If you go first, your last move should leave exactly $2$ pennies. If you leave $1$, you have to go again, per the rules. If you leave $3$, Wenjun will opt to remove only $2$, leaving you with the last.
There are two scenarios, you either remove $1$ or $2$ first.
| Pennies in Pile | First Move (Yours) | ... | Last Move (Wenjun's) |
|---|---|---|---|
| $4n+3$ | $1$ | ... | $2$ |
| $4n+4$ | $2$ | ... | $2$ |
Note that for any whole number $n$, there are $n$ pairs (Wenjun, you) of removals between the First Move (Yours) and Last Move (Wenjun's). Whatever Wenjun removes ($w_n$), you should remove $4-w_n$ to guarantee $2$ left over.
If Wenjun goes first, his last move should leave $1$ or $2$ pennies. If he leaves $3$, you would opt to remove $2$, leaving him with the last.

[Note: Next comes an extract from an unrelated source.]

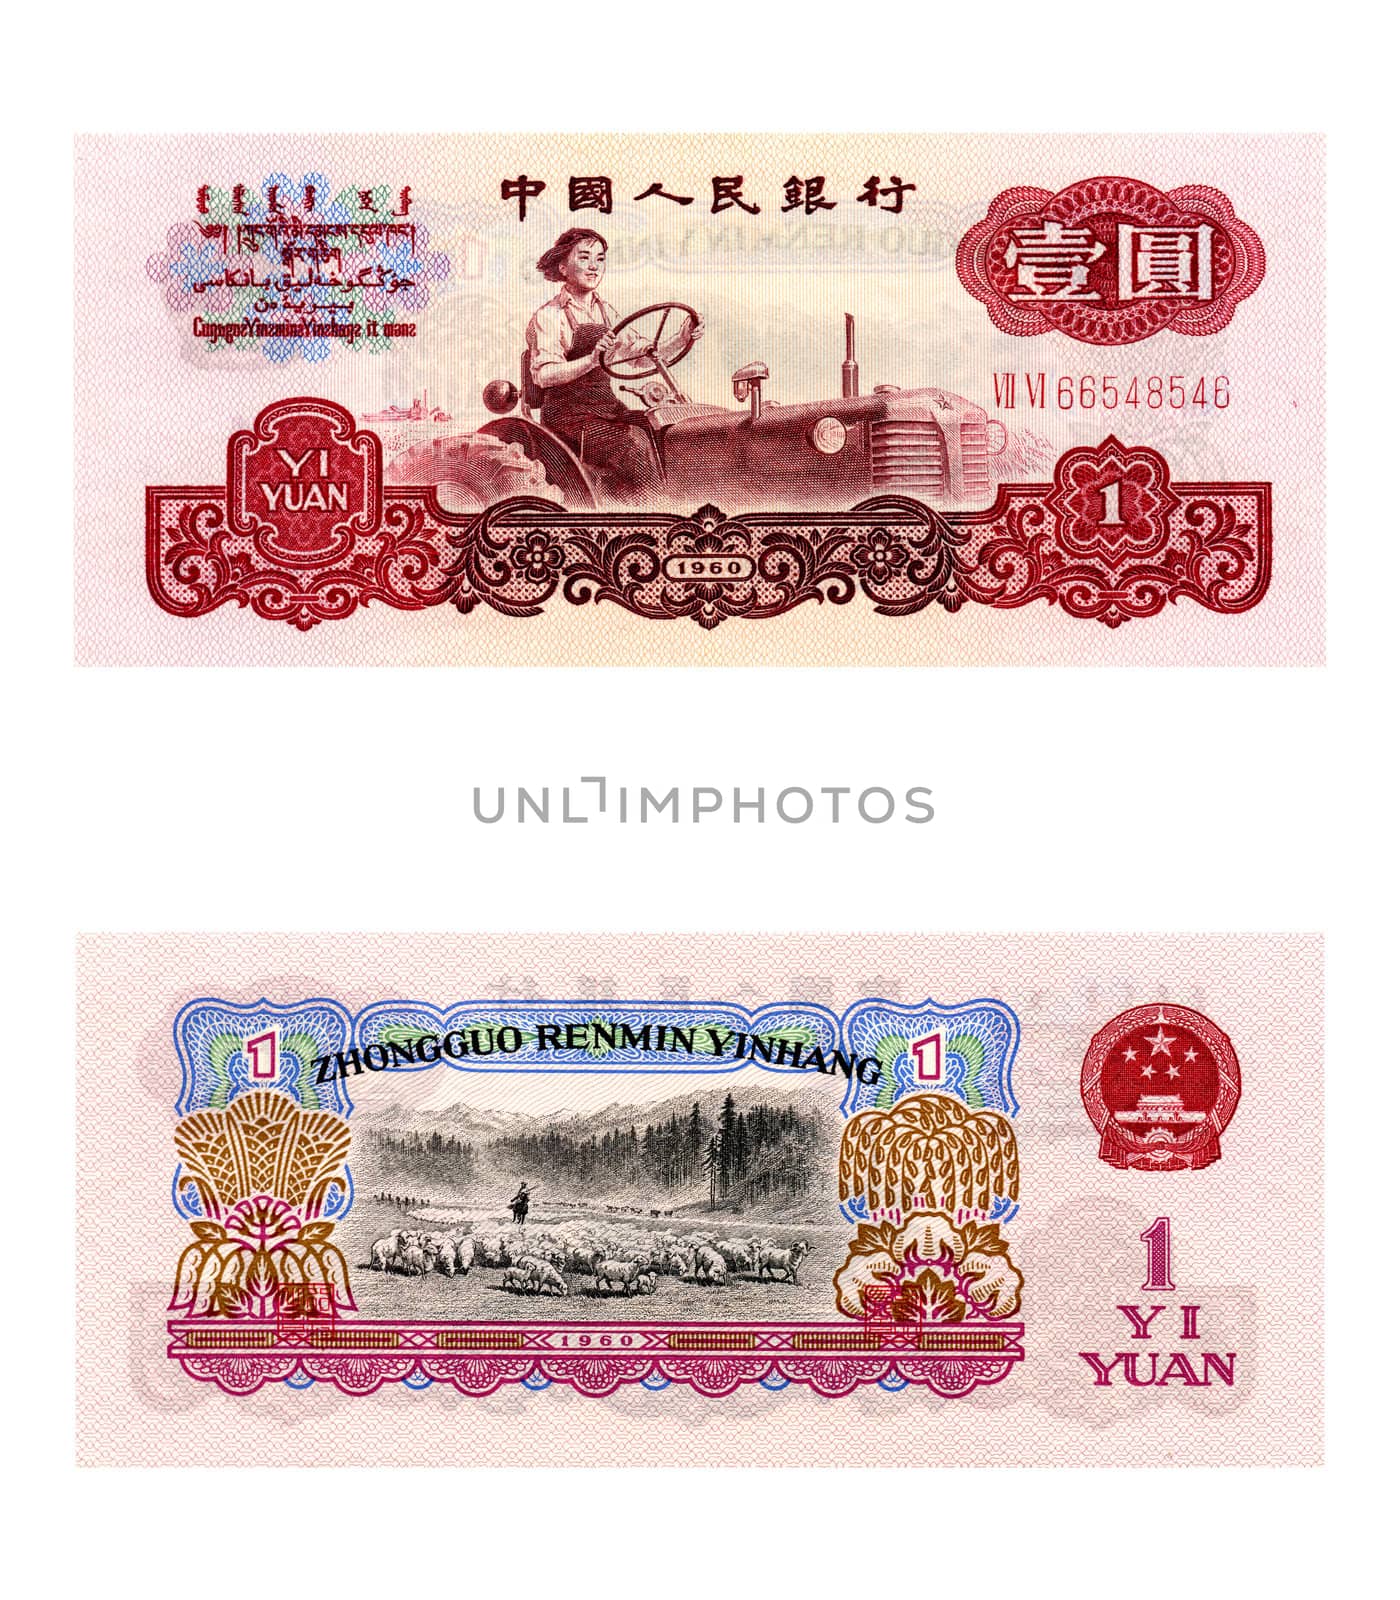 Chinese banknote by claudiodivizia

There are four scenarios, Wenjun removes $2$ or $3$ first, and you remove either $1$ or $2$ last.
| Pennies in Pile | First Move (Wenjun's) | ... | Last Move (Yours) |
|---|---|---|---|
| $4n+3$ | $2$ | ... | $1$ |
| $4n+4$ | $2$ | ... | $2$ |
| $4n+4$ | $3$ | ... | $1$ |
| $4n+5$ | $3$ | ... | $2$ or $1$,$1$ |
Similar to above, for any whole number $n$, there are $n$ pairs (you, Wenjun) of removals between the First Move (Wenjun's) and Last Move (Yours). Whatever you remove ($y_n$), Wenjun should remove $4-y_n$ to guarantee the appropriate $1$ or $2$ left over.
You: $4n+3$ and $4n + 4$
Wenjun: $4n+3$, $4n + 4$, and $4n+5$